_PROMPT_: Write the listing below out again in full, dropping its pictures.

_DATA EXTRACT_:
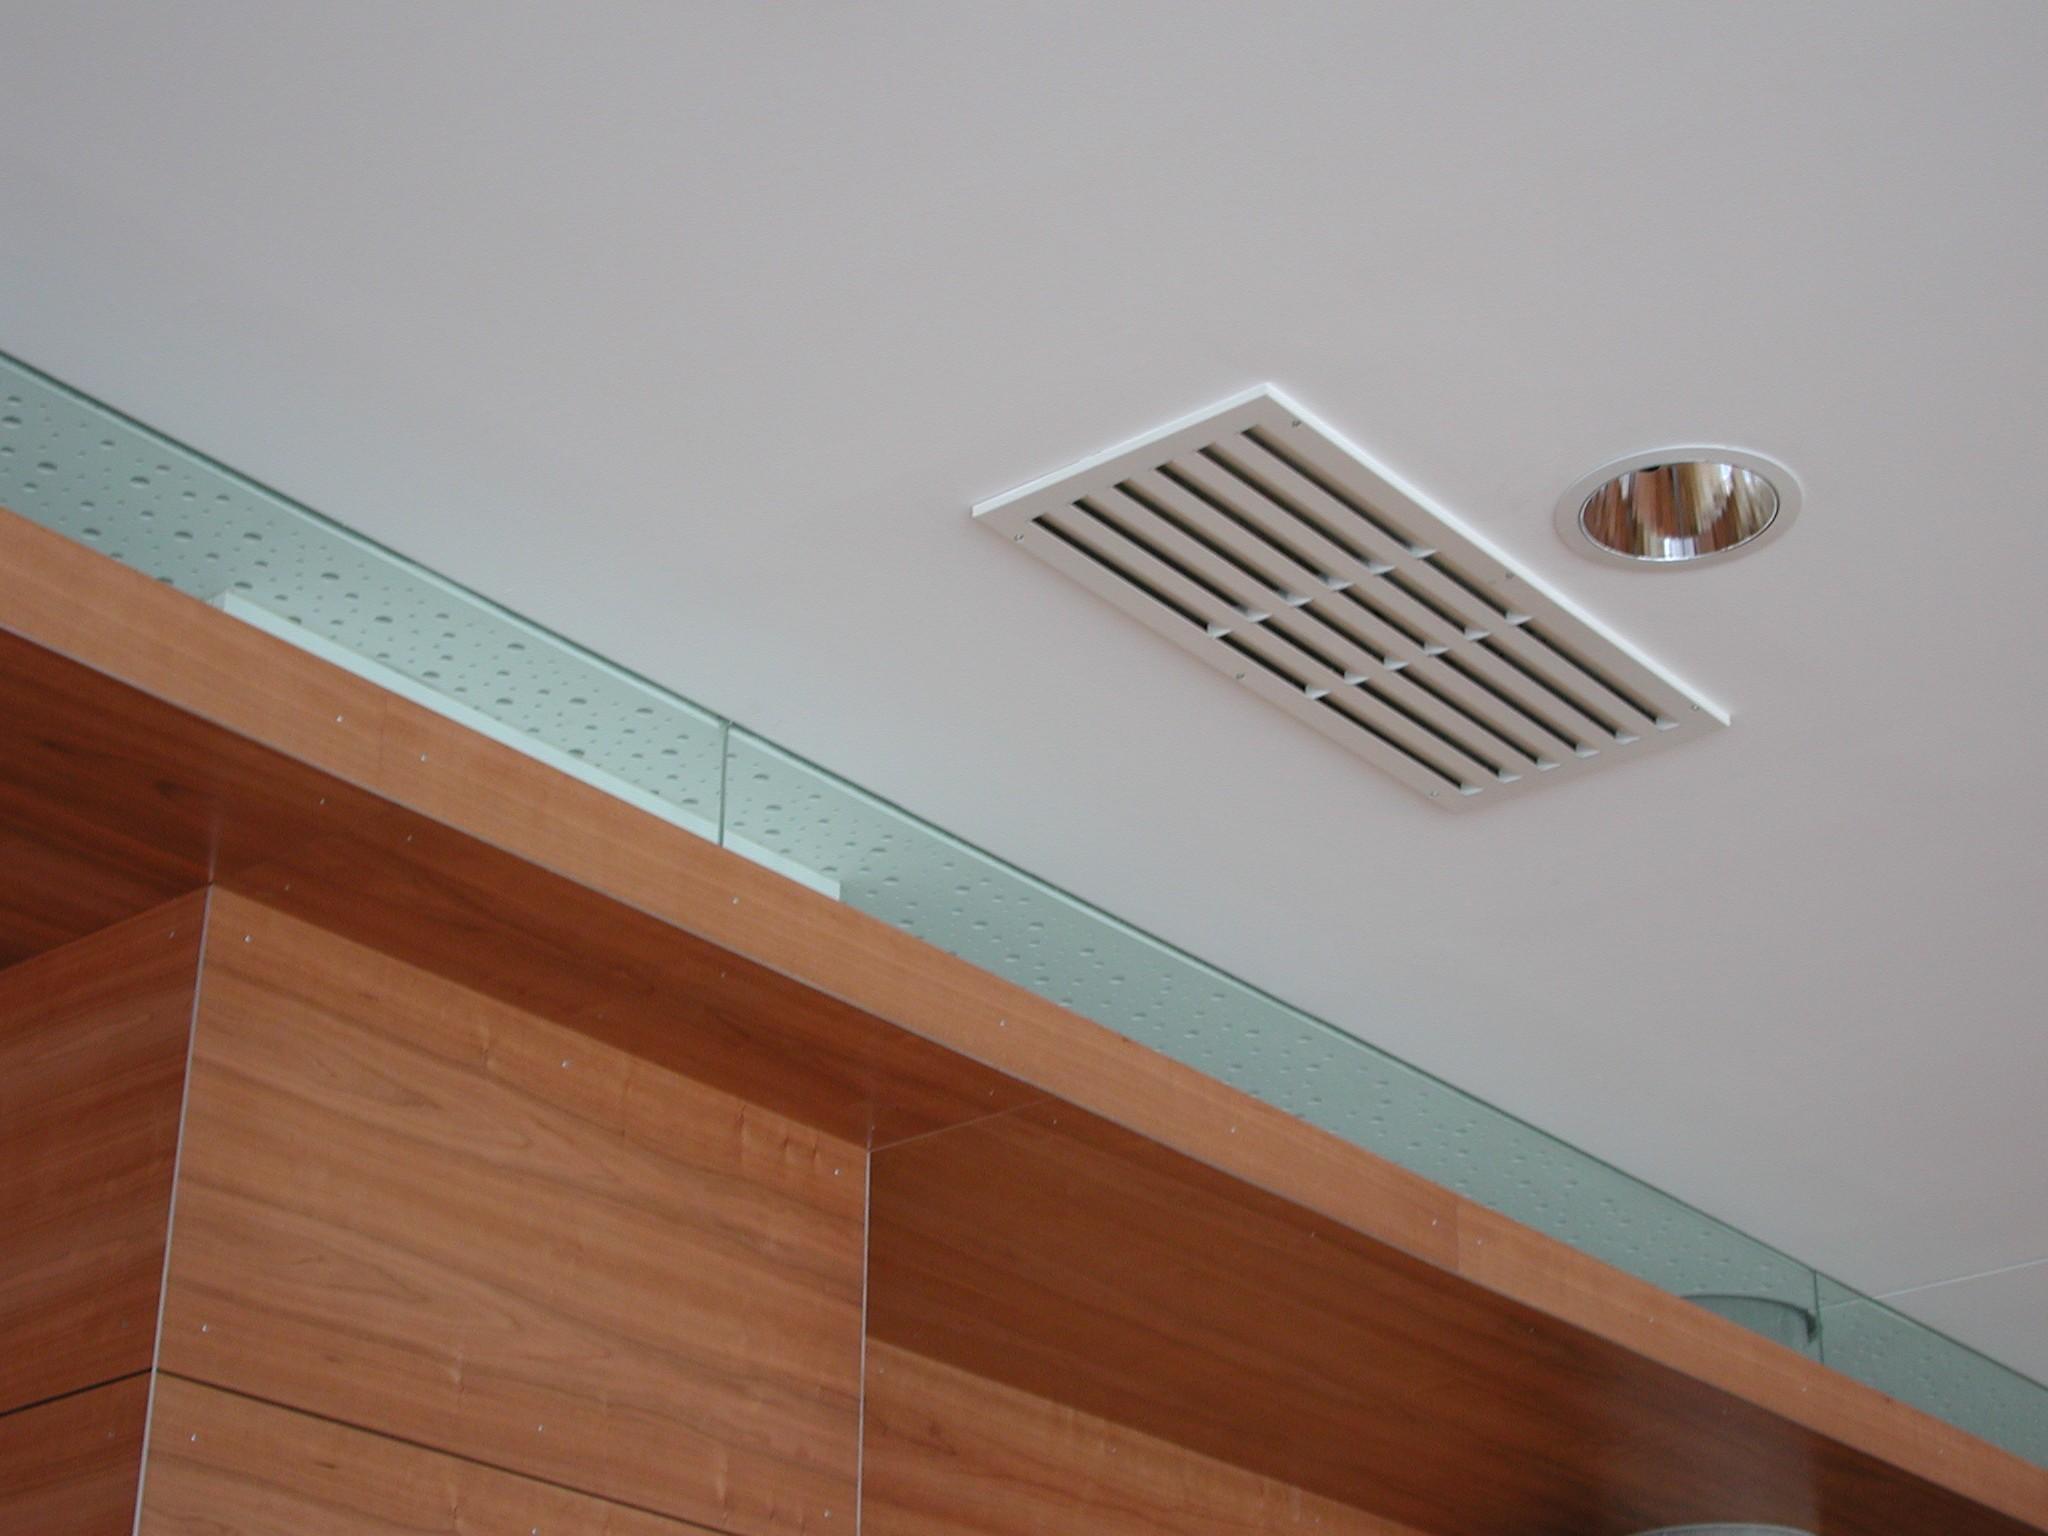 Диффузор можно устанавливать как в стену, так и в потолок
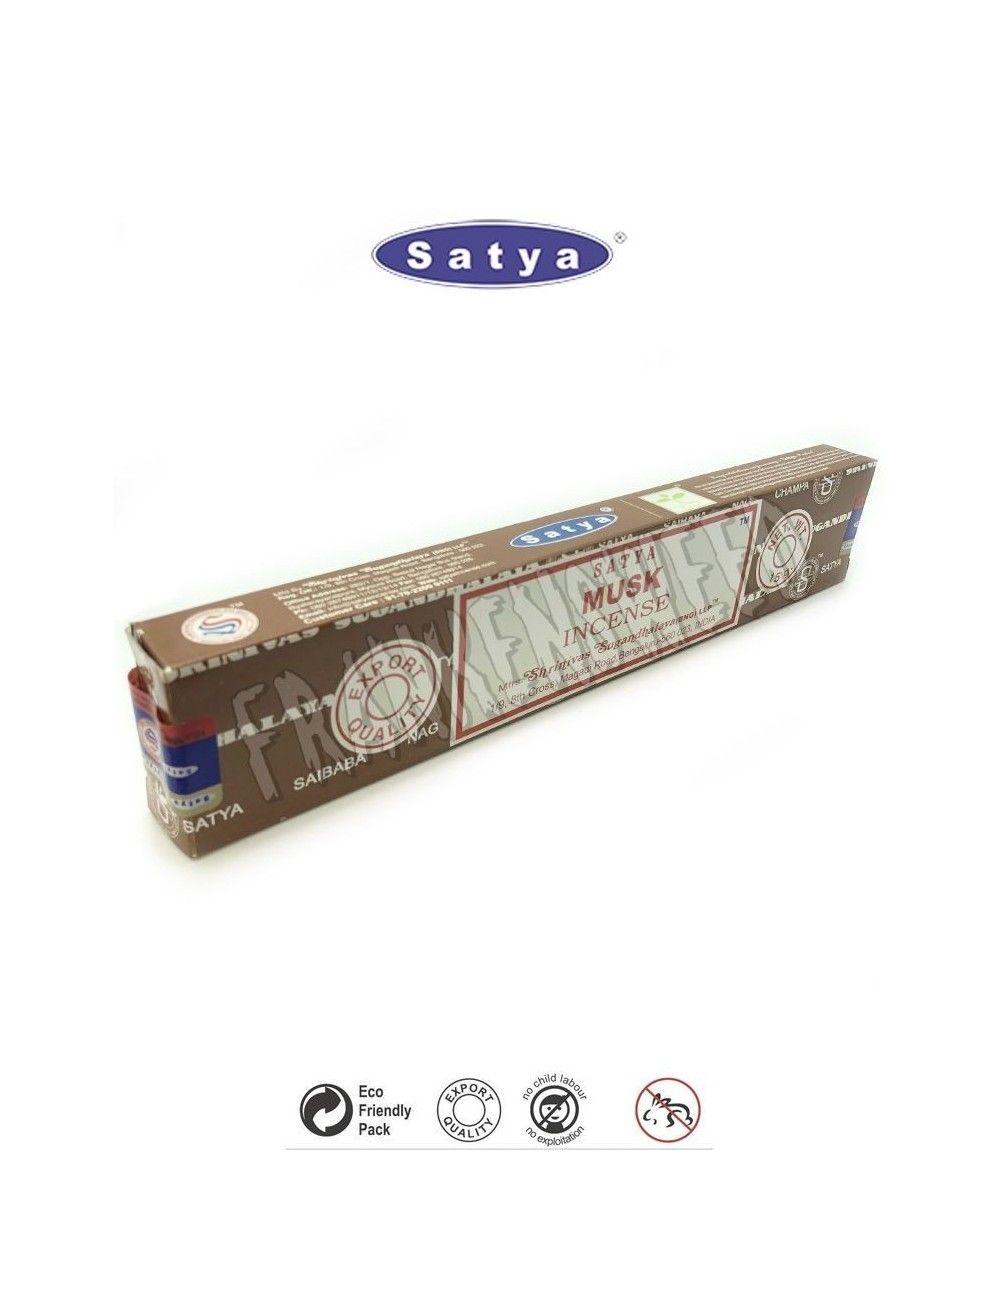 Musk - Satya Sai Baba - Incense Sticks
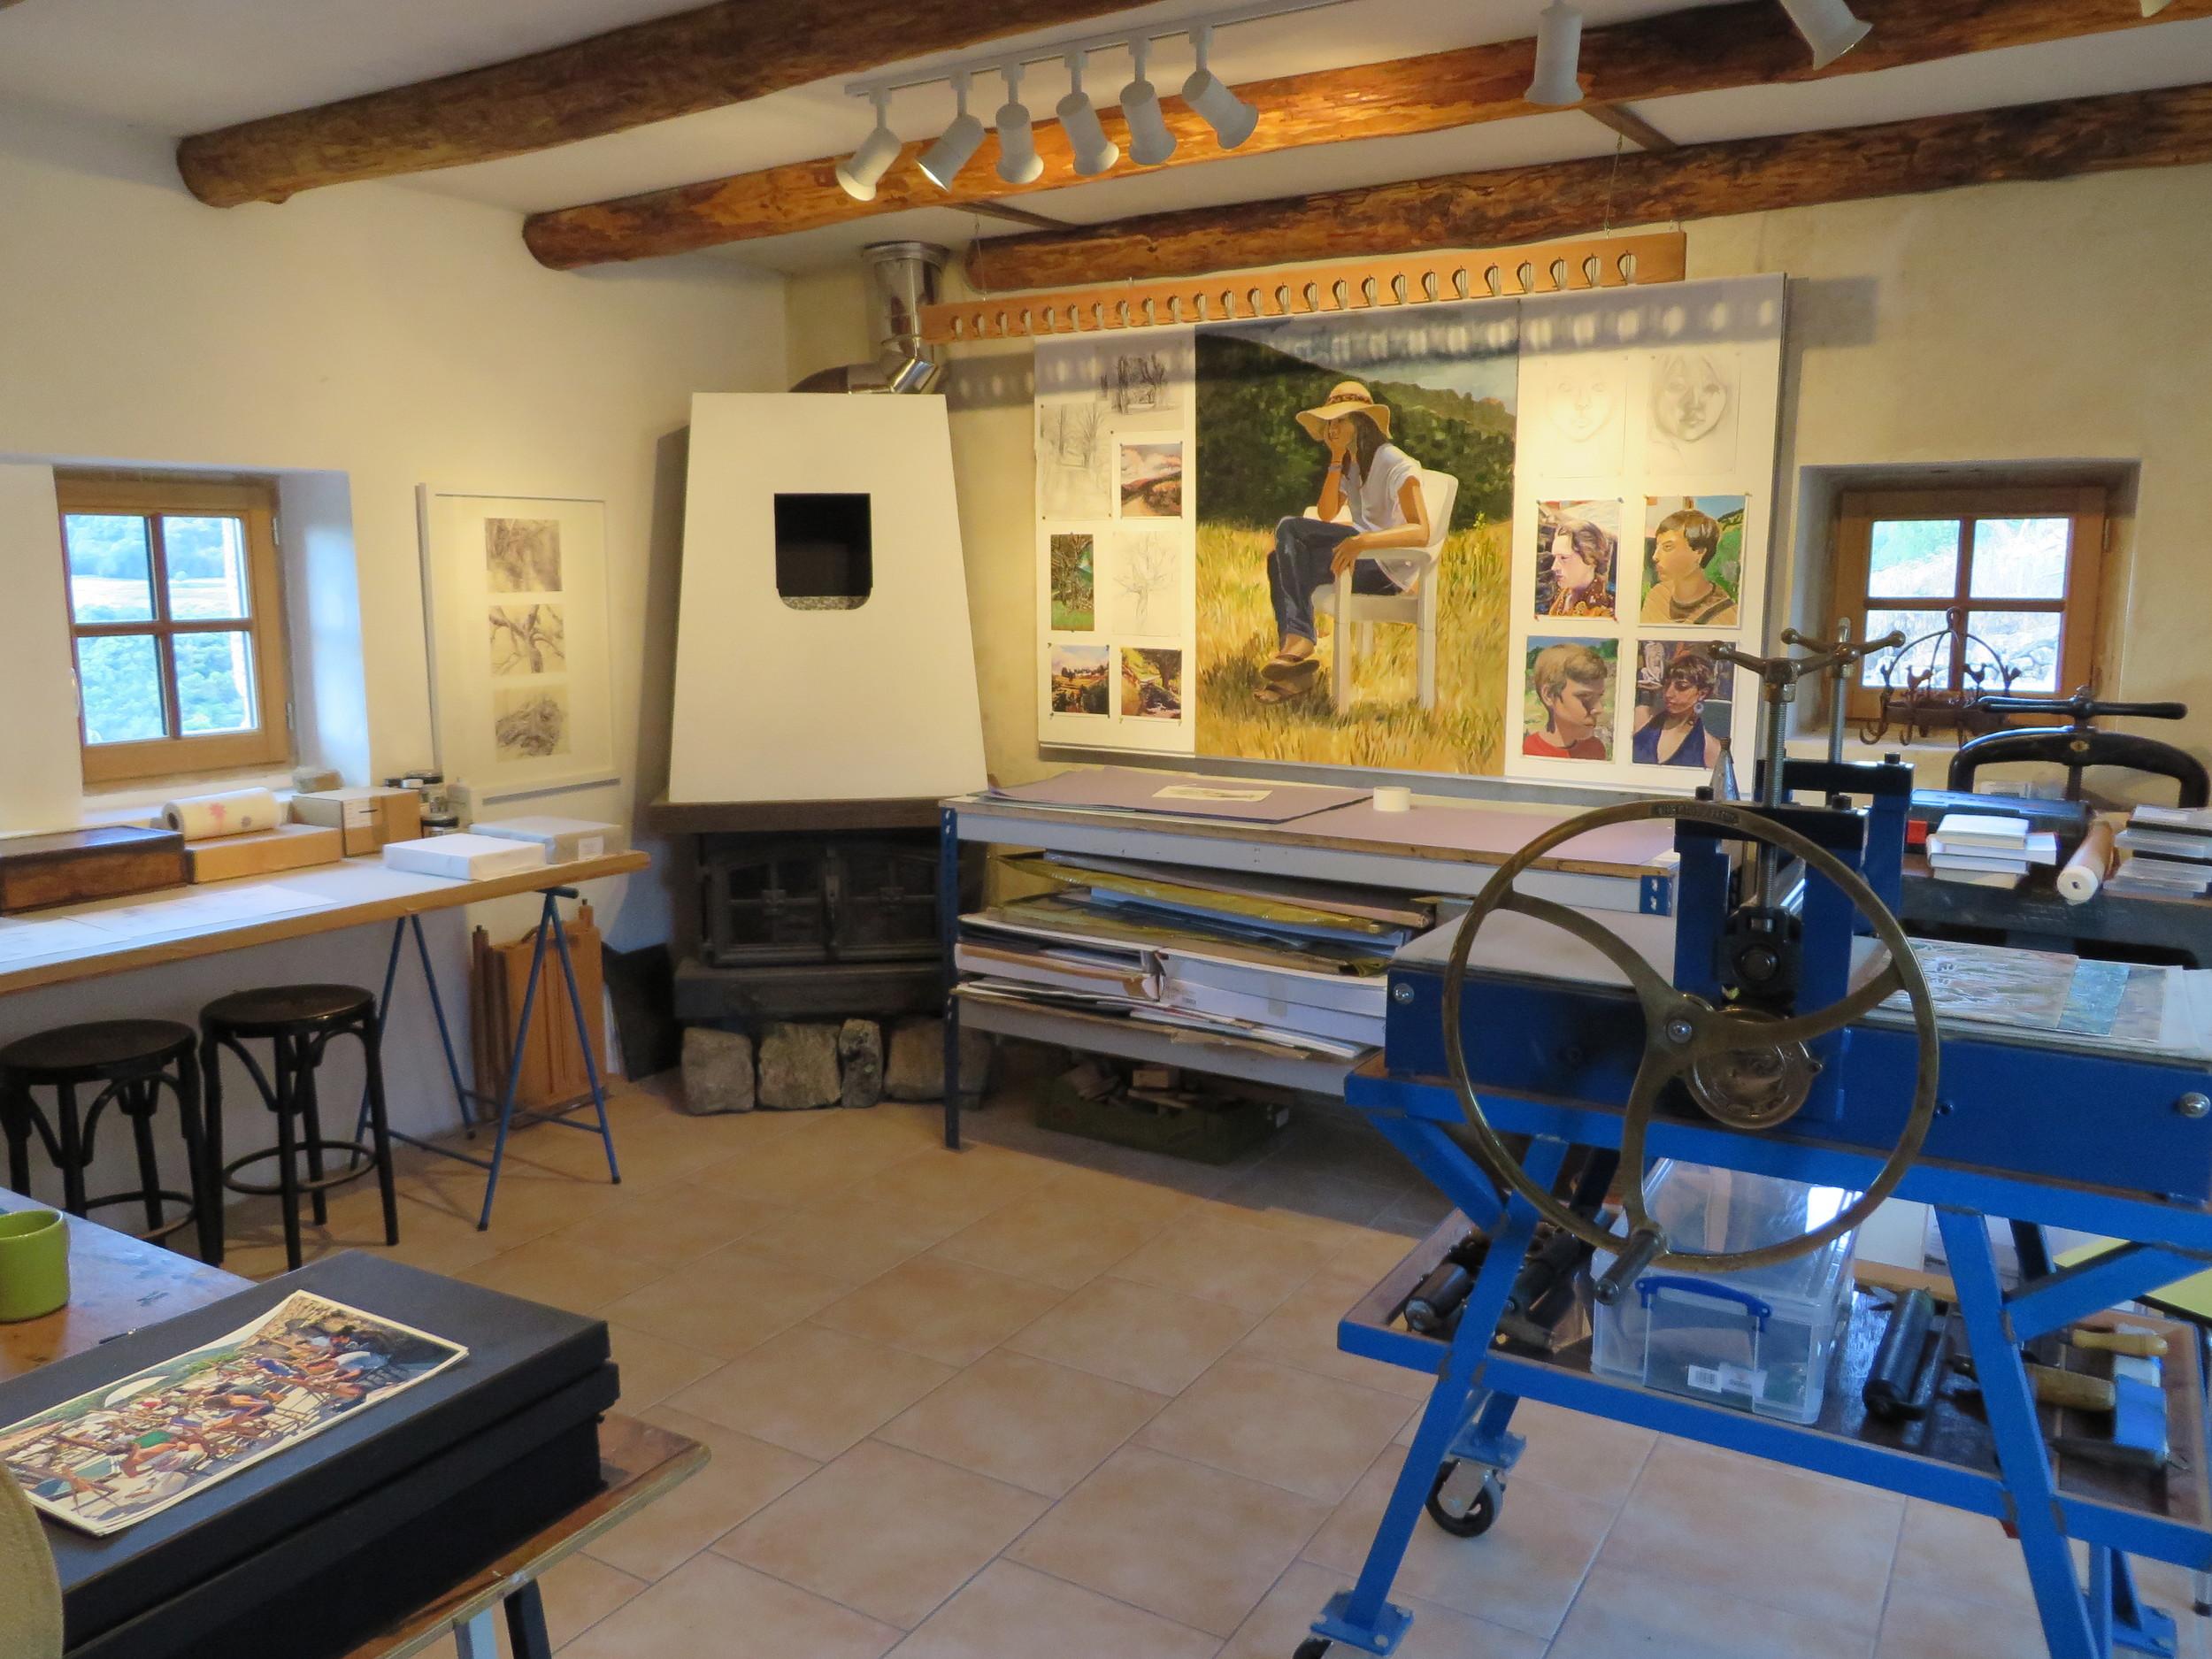 printmaking studio and printing presses at les tapies

_OUTPUT_:
 Диффузор можно устанавливать как в стену, так и в потолок
 Musk - Satya Sai Baba - Incense Sticks
 printmaking studio and printing presses at les tapies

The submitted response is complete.